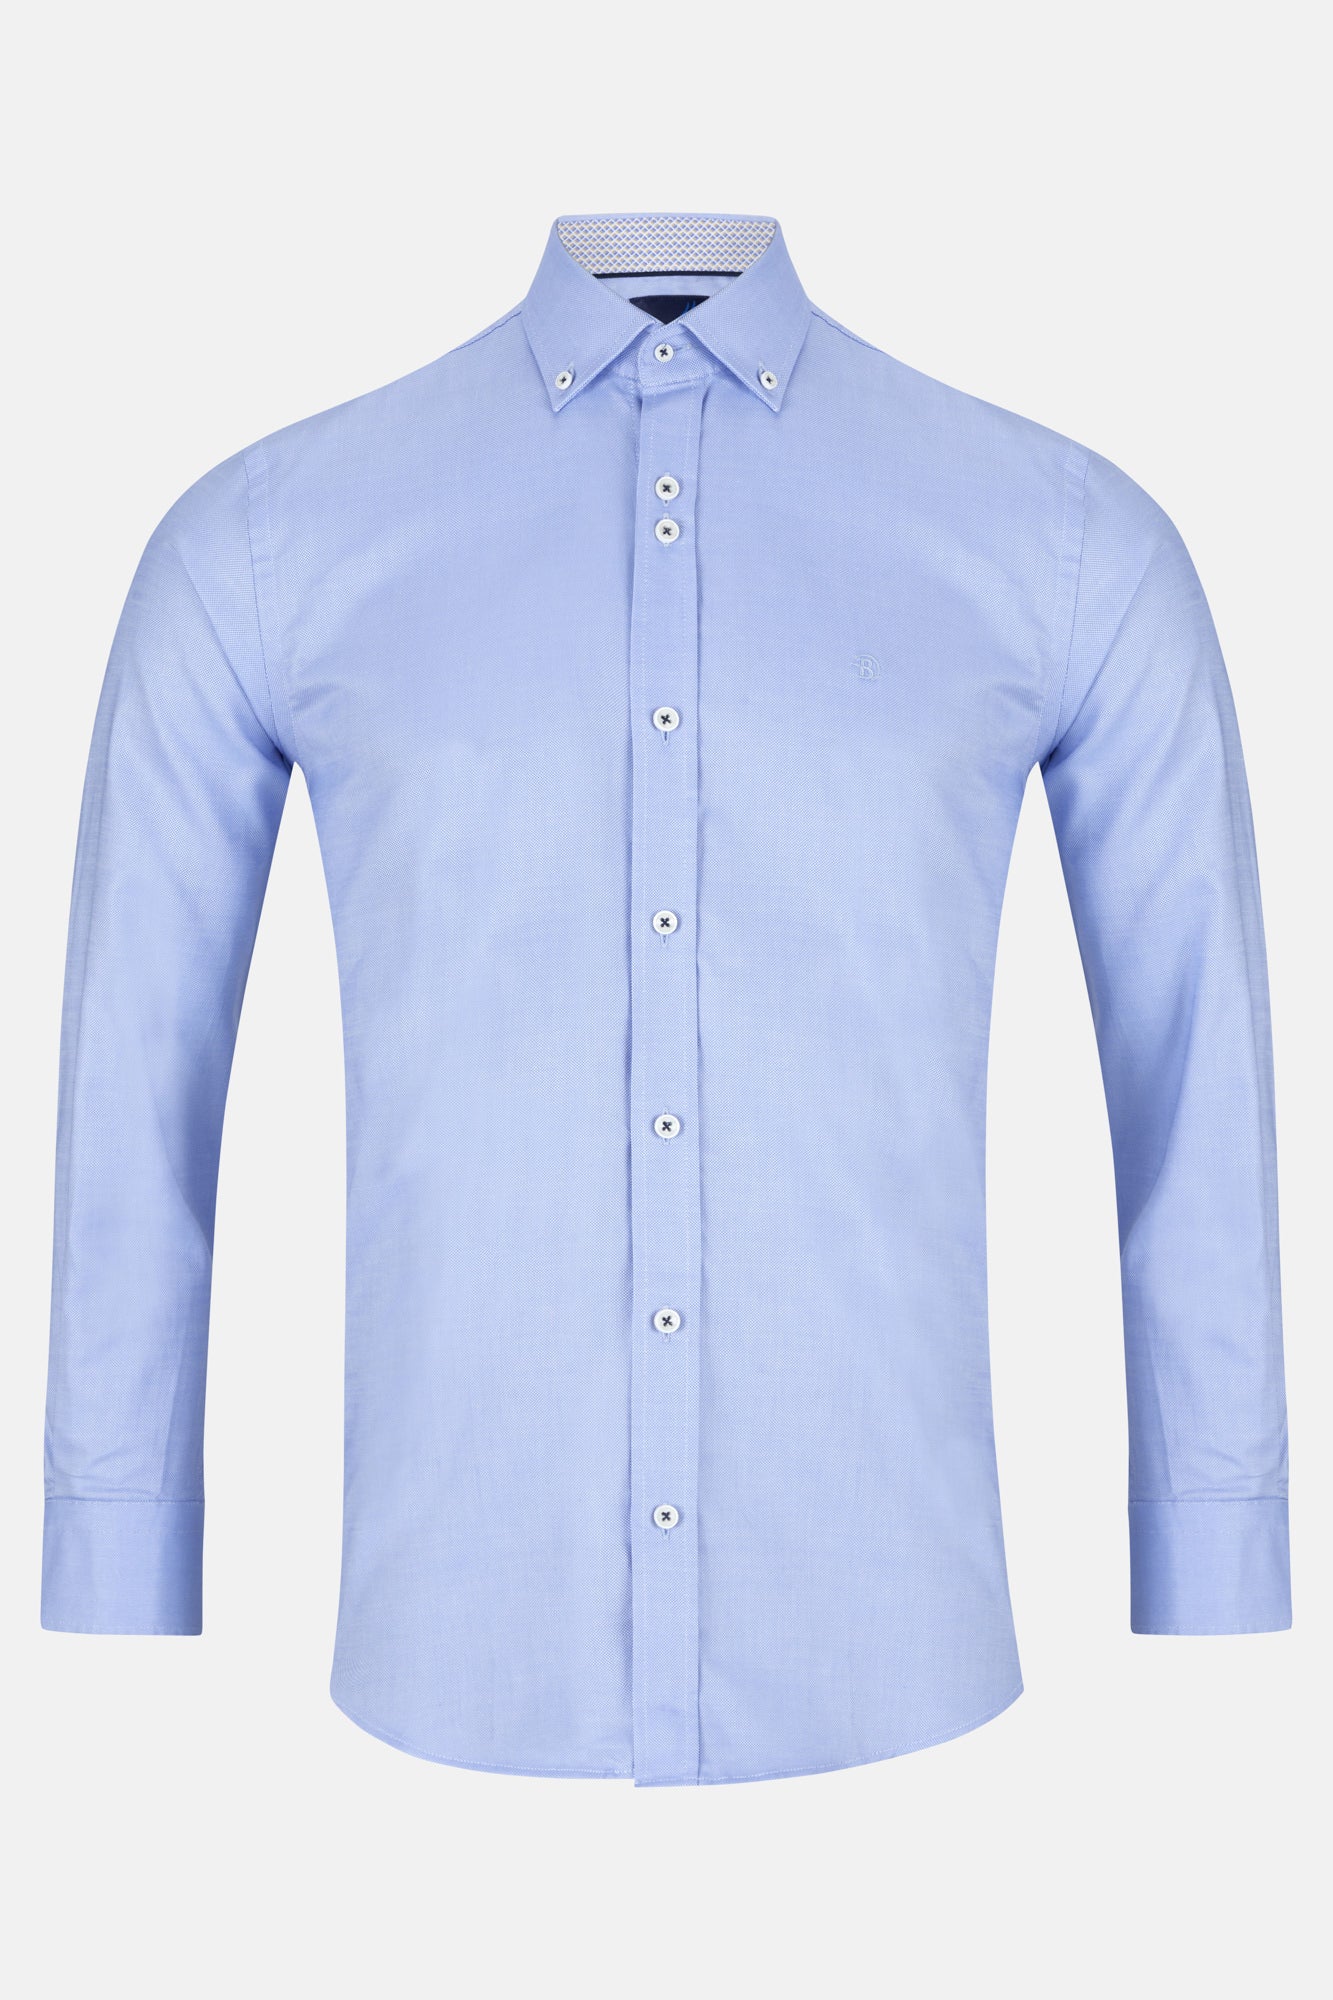 Noah Blue Long Sleeved Shirt By Benetti Menswear 
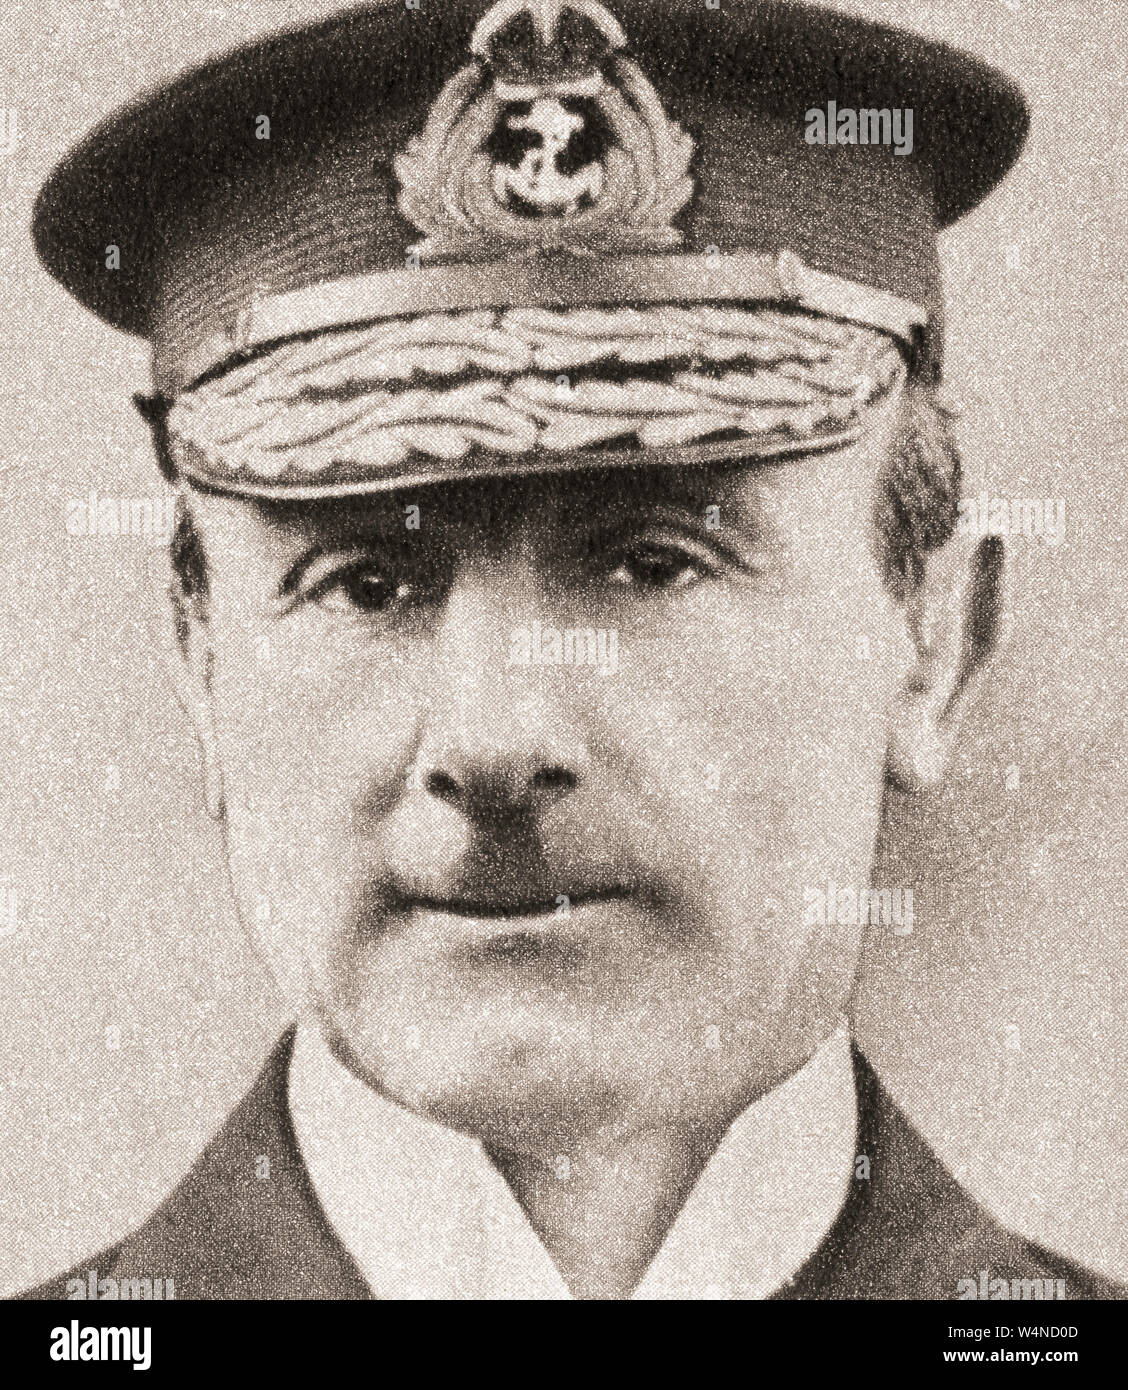 Admiral der Flotte John rushworth Jellicoe, 1 Earl Jellicoe, 1859 - 1935. Royal Navy Officer. Aus dem Festzug des Jahrhunderts, veröffentlicht 1934. Stockfoto
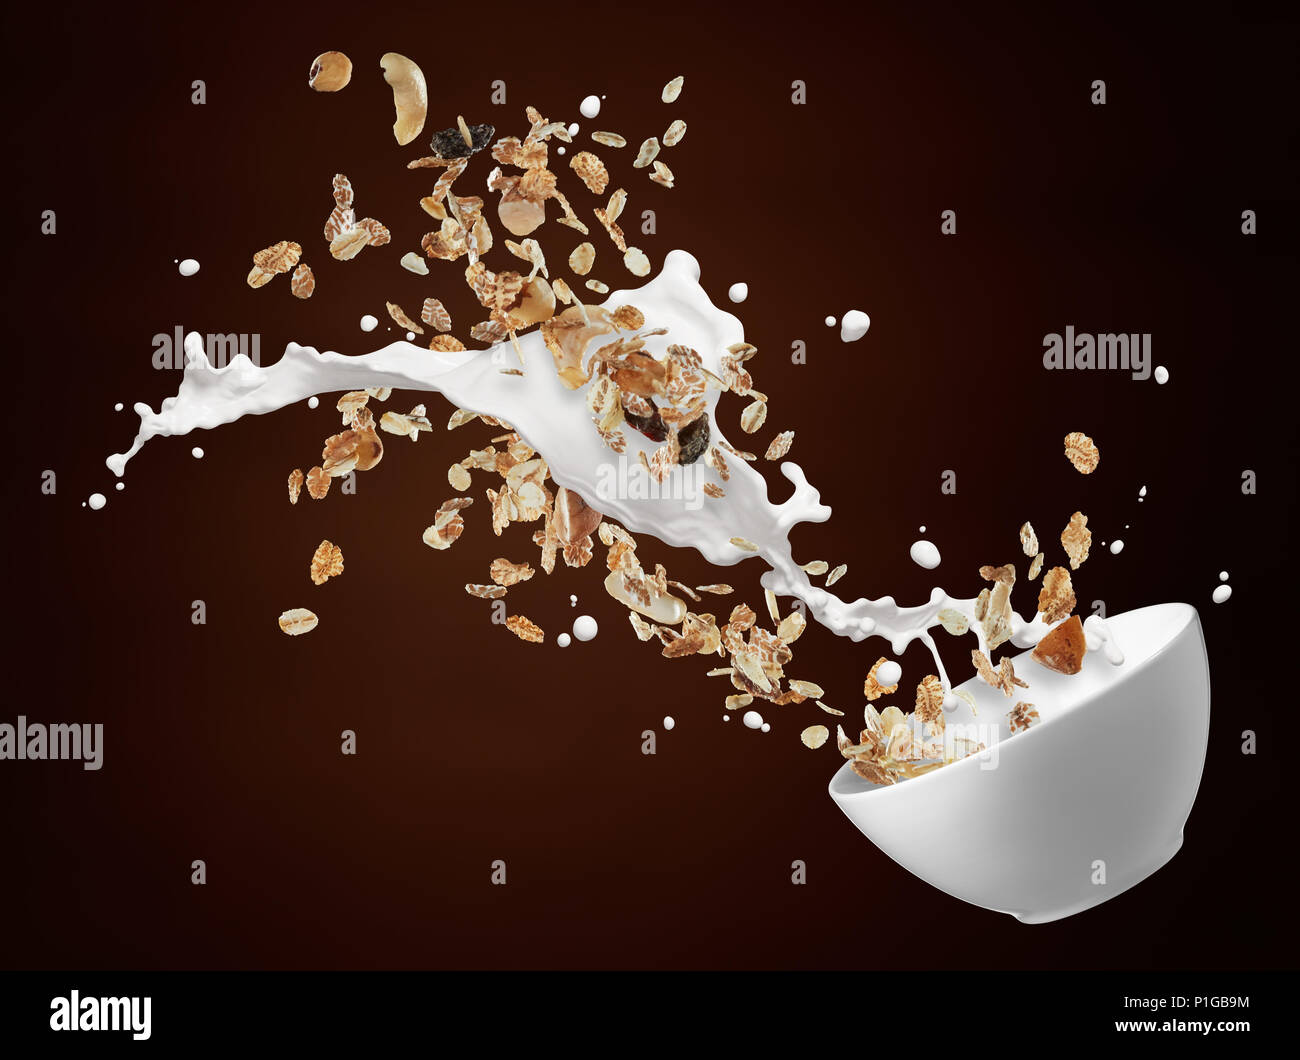 bowl of muesli with milk splash against brown background Stock Photo

□ □ □ □

* **TASK PROMPT**
Where the line containing "Admiral der Flotte" appears above, start there and set down each line exactly through the last line of the data; leave out every picture.

* **SOLUTION**
 Admiral der Flotte John rushworth Jellicoe, 1 Earl Jellicoe, 1859 - 1935. Royal Navy Officer. Aus dem Festzug des Jahrhunderts, veröffentlicht 1934. Stockfoto
 bowl of muesli with milk splash against brown background Stock Photo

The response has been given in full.